Maximum Highway MPG:
Engine Size: 92, Horse Power: 58


#### **T12) Find the make with the largest number of cars and how many they are**

In [97]:
#Write your answer here
counts = [[],[]]
for i in np.unique(data["make"]):
    counts[0].append(i)
    counts[1].append(np.count_nonzero(data["make"]==i))
print(counts)
numArr = np.array(counts[1])
print(numArr)
maxIndex = np.argmax(numArr)
print(maxIndex)
print(f"{counts[0][maxIndex]} has the most cars, with {counts[1][maxIndex]} cars.")

[['alfa-romero', 'audi', 'bmw', 'chevrolet', 'dodge', 'honda', 'isuzu', 'jaguar', 'mazda', 'mercedes-benz', 'mercury', 'mitsubishi', 'nissan', 'peugot', 'plymouth', 'porsche', 'renault', 'saab', 'subaru', 'toyota', 'volkswagen', 'volvo'], [3, 7, 8, 3, 9, 13, 4, 3, 17, 8, 1, 13, 18, 11, 7, 5, 2, 6, 12, 32, 12, 11]]
[ 3  7  8  3  9 13  4  3 17  8  1 13 18 11  7  5  2  6 12 32 12 11]
19
toyota has the most cars, with 32 cars.


#### **T13) Find how many cars have a wheel base greater than 100**

* Hint: See https://jakevdp.github.io/PythonDataScienceHandbook/02.06-boolean-arrays-and-masks.html

In [98]:
#Write your answer here
print(np.count_nonzero(data["wheelbase"]>100))

63


#### **T14) Find if there are any convertible cars that cost less than £15000**

* Hint: See https://jakevdp.github.io/PythonDataScienceHandbook/02.06-boolean-arrays-and-masks.html

In [99]:
#Write your answer here
print(np.sum((data["bodystyle"]=="convertible")) & (data["price"]<15000))
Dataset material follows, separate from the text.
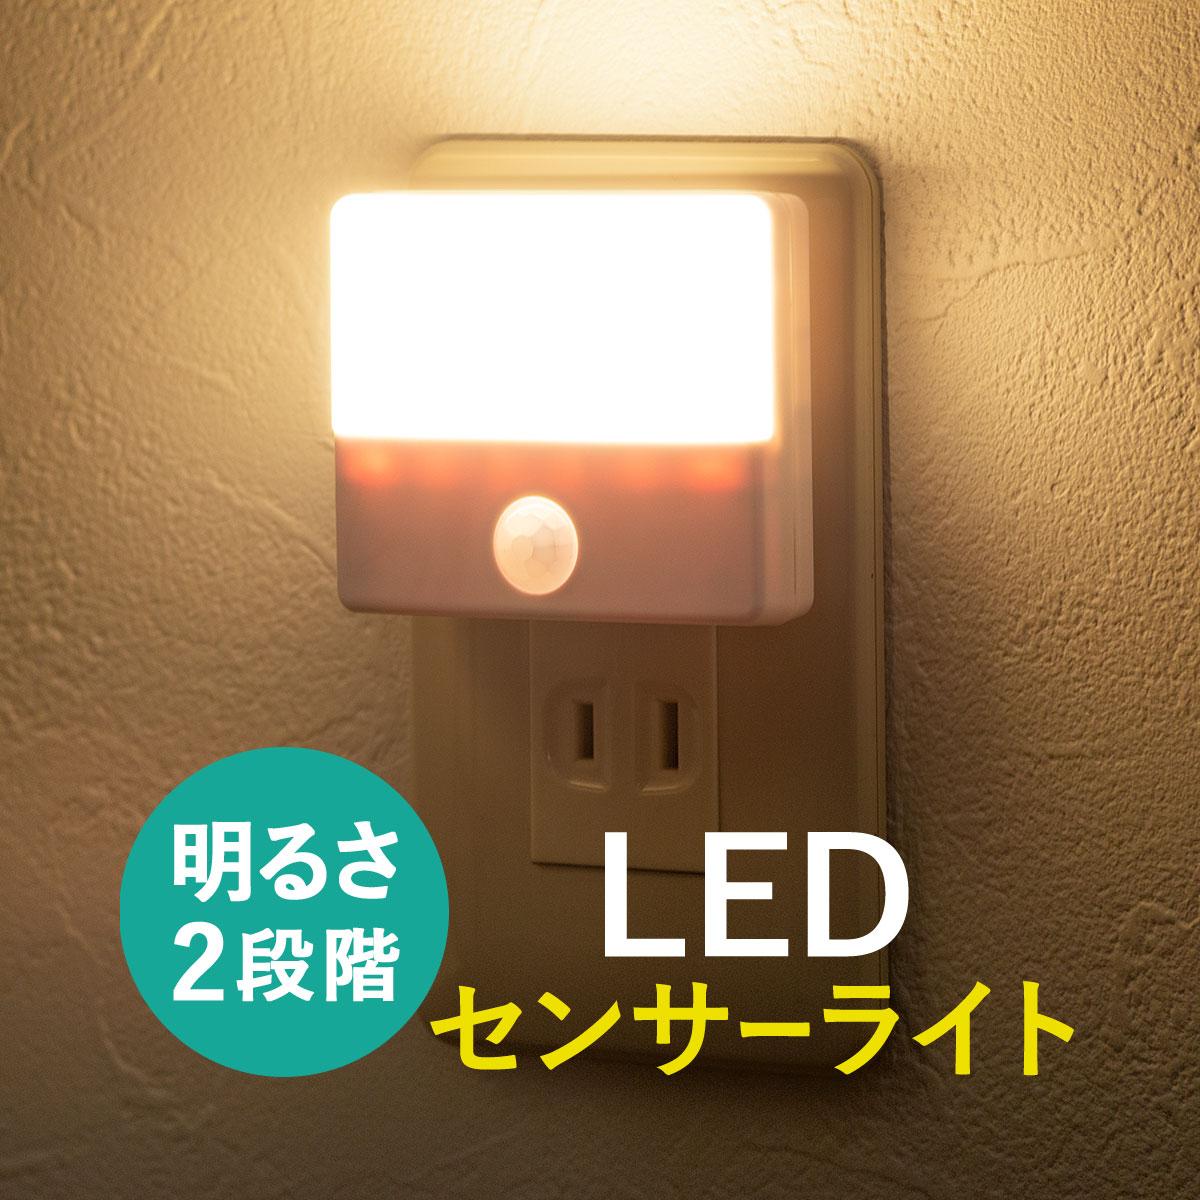 人感センサー付きLEDライト LEDライト AC電源 コンセント 室内 屋内用 薄型 小型 ナイトライト ホワイト 非常灯 防災 おしゃれ[800-LED026]【サンワダイレクト限定品】

[0 0 0 0 0 0 0 0 0 0 0 0 0 0 0 0 0 0 0 0 0 0 0 0 0 0 0 0 0 0 0 0 0 0 0 0 0
 0 0 0 0 0 0 0 0 0 0 0 0 0 0 0 0 0 0 0 0 0 0 0 0 0 0 0 0 0 0 0 0 0 0 0 0 0
 0 0 0 0 0 0 0 0 0 0 0 0 0 0 0 0 0 0 0 0 0 0 0 0 0 0 0 0 0 0 0 0 0 0 0 0 0
 0 0 0 0 0 0 0 0 0 0 0 0 0 0 0 0 0 0 0 0 0 0 0 0 0 0 0 0 0 0 0 0 0 0 0 0 0
 0 0 0 0 0 0 0 0 0 0 0 0 0 0 0 0 0 0 0 0 0 0 0 0 0 0 0 0 0 0 0 0 0 0 0 0 0
 0 0 0 0 0 0 0 0 0 0 0 0 0 0 0 0 0 0 0 0]
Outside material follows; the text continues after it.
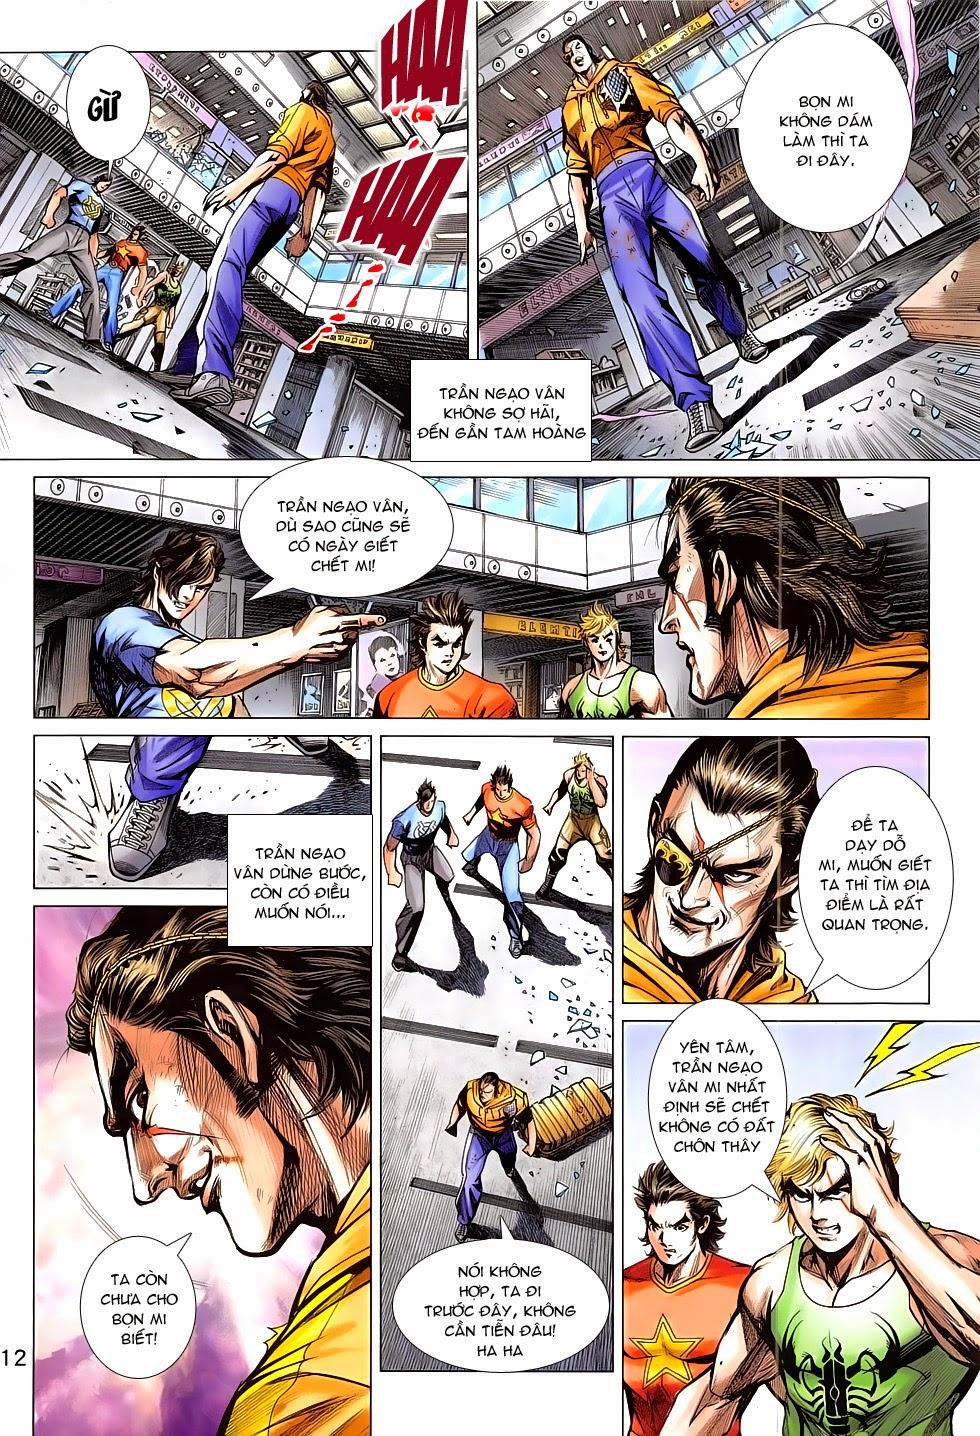 Tân Tác Long Hổ Môn chap 783 Trang 12 - Mangak.info

#### **T15) Calculate the interquartile range for the price of all cars**

In [100]:
#Write your answer here
lq = np.percentile(data["price"], 25, interpolation="midpoint")
uq = np.percentile(data["price"], 75, interpolation="midpoint")
iqr = uq - lq
print(iqr)

8715.0


#### **T16) Calculate the 50th percentile range for the horsepower of all cars. Which value is the 50th percentile equal to?**

In [101]:
#Write your answer here
percentile50 = lq = np.percentile(data["price"], 50, interpolation="midpoint")
print(percentile50)

10345.0


### Ideas for practicing further at home

* Find the engine and horsepower of 4wd cars
* Find whether diesel or gas cars are more efficient in the city/highway
* Any other analysis that you might could generate some useful insight.